Acceleration is another measure of variability in speed. We computed the mean, maximum, and standard deviation of acceleration following the same procedure as that used to extract the mean, maximum, and standard deviation of handwriting speed.

In-air time ratio

The in-air time ratio represents the proportion of time spent by the writer without touching the surface of the tablet. It was found to be a discriminative feature in a recent study interested in the analysis of dysgraphia.25,27

Pressure features

Detailed analysis of all pressure features can be found in Supplementary Table 4.

Pressure

The first features concerning the pressure are simply the mean, maximum, and standard deviation of the pressure.

Speed of pressure change

To compute the speed of pressure change, we used the same method we used for the speed of handwriting. We worked with averaged buckets of 10 points and divided the time spent by the difference between these two averaged bins of points. The mean, maximum, and standard deviation of these measures can then once again be extracted. The number of peaks of speed of pressure change during handwriting was also extracted. A Gaussian filter was applied to the signal and local minima and maxima of this filtered signal were extracted and normalized by the total amount of handwriting time (excluding the in-air time).

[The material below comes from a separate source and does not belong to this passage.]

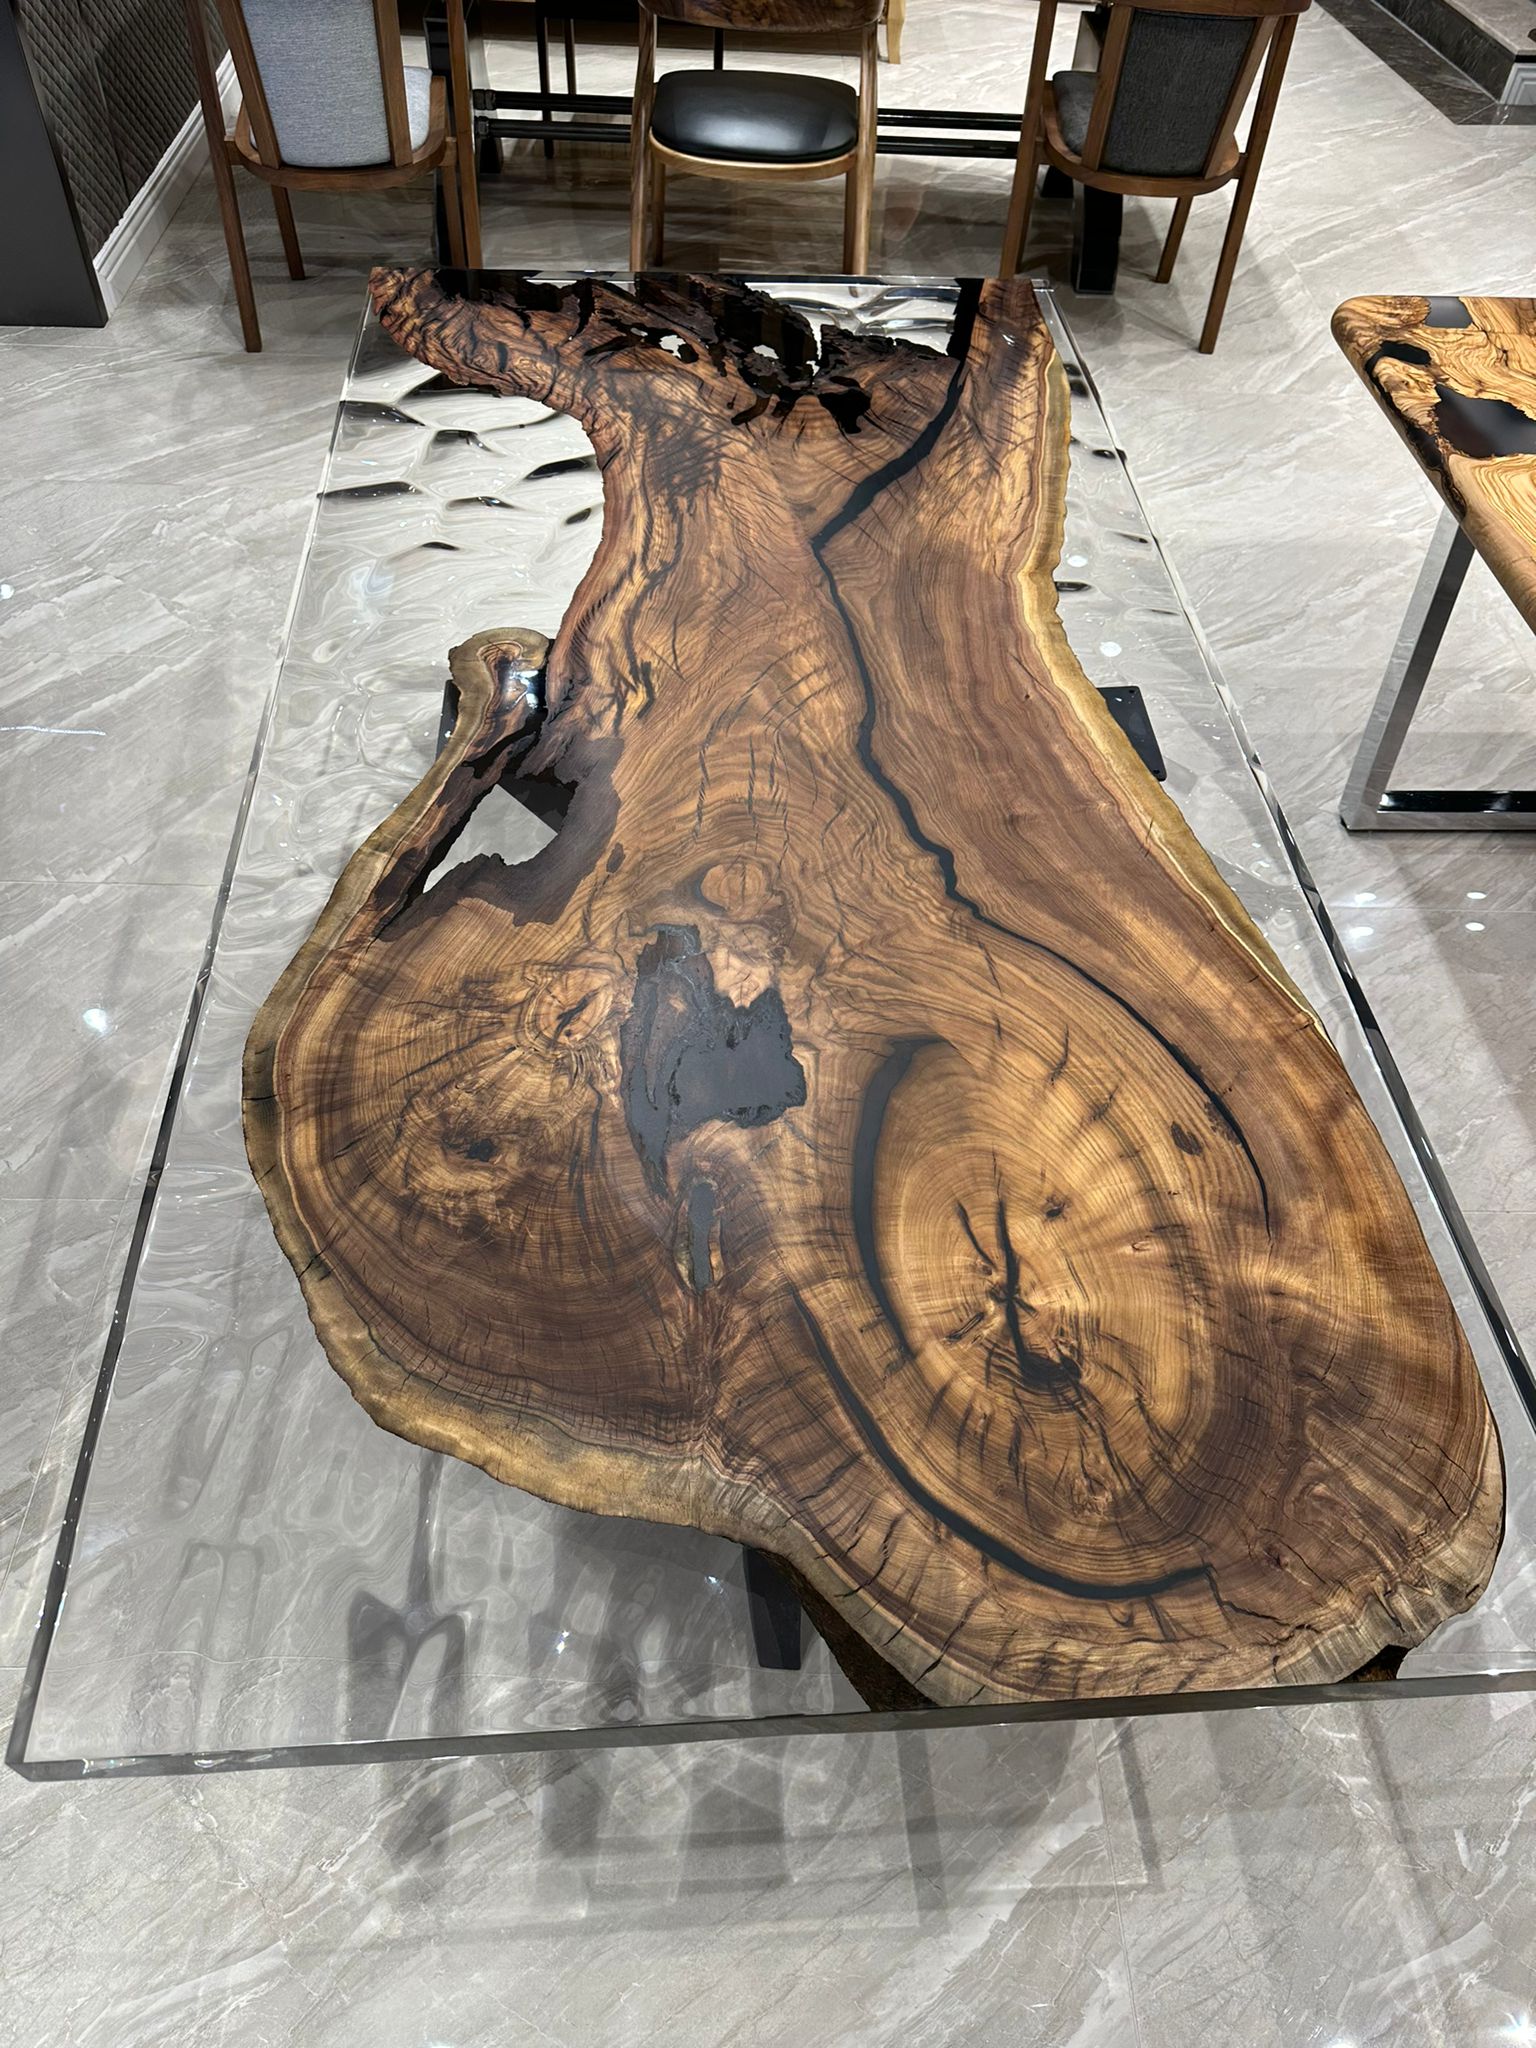 Live Edge Epoxy Dining Table - In Stock

Speed of pressure change frequencies

The speed of pressure change can be seen as a time-series, and frequencies can be extracted using a Fourier transform. The same process as that described in Fig. 4 is followed to extract the Bandwidth of speed of pressure change frequencies, the Median of power spectral of speed of pressure change frequencies, and the Distance to mean of speed of pressure change frequencies.

Tilt features

Detailed analysis of all pressure features can be found in Supplementary Table 5.

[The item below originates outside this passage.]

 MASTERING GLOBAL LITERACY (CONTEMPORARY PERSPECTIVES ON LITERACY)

The Wacom system logged the data measuring the pen tilt with two different angles, which we referred to in this paper as the Tilt-x and Tilt-y angles (see Supplementary Figure 5 for more details). Both angles are measured in the range between −60° and 60°. The tilt-x reflects the inclination of the pen in the direction of the written line, and the tilt-y reflects the inclination of the pen below the written line.

Tilt

Simple features were extracted for both angles, namely the mean, maximum, and standard deviation of the measurement.

Speed of tilt change

We computed the speed of tilt-x/tilt-y change in the same way as before, and we extracted the mean, maximum, standard deviation, and number of peaks. Finally, we also computed the evolution of the speed of tilt-x/tilt-y change over time.

Frequency of speed of tilt change

Using the same method as before, we computed the Bandwidth of speed of tilt change frequencies, the Median of power spectral of speed of tilt change frequencies, and the Distance to mean of speed of tilt change frequencies.

Code availability

Code is available from the corresponding author upon reasonable request.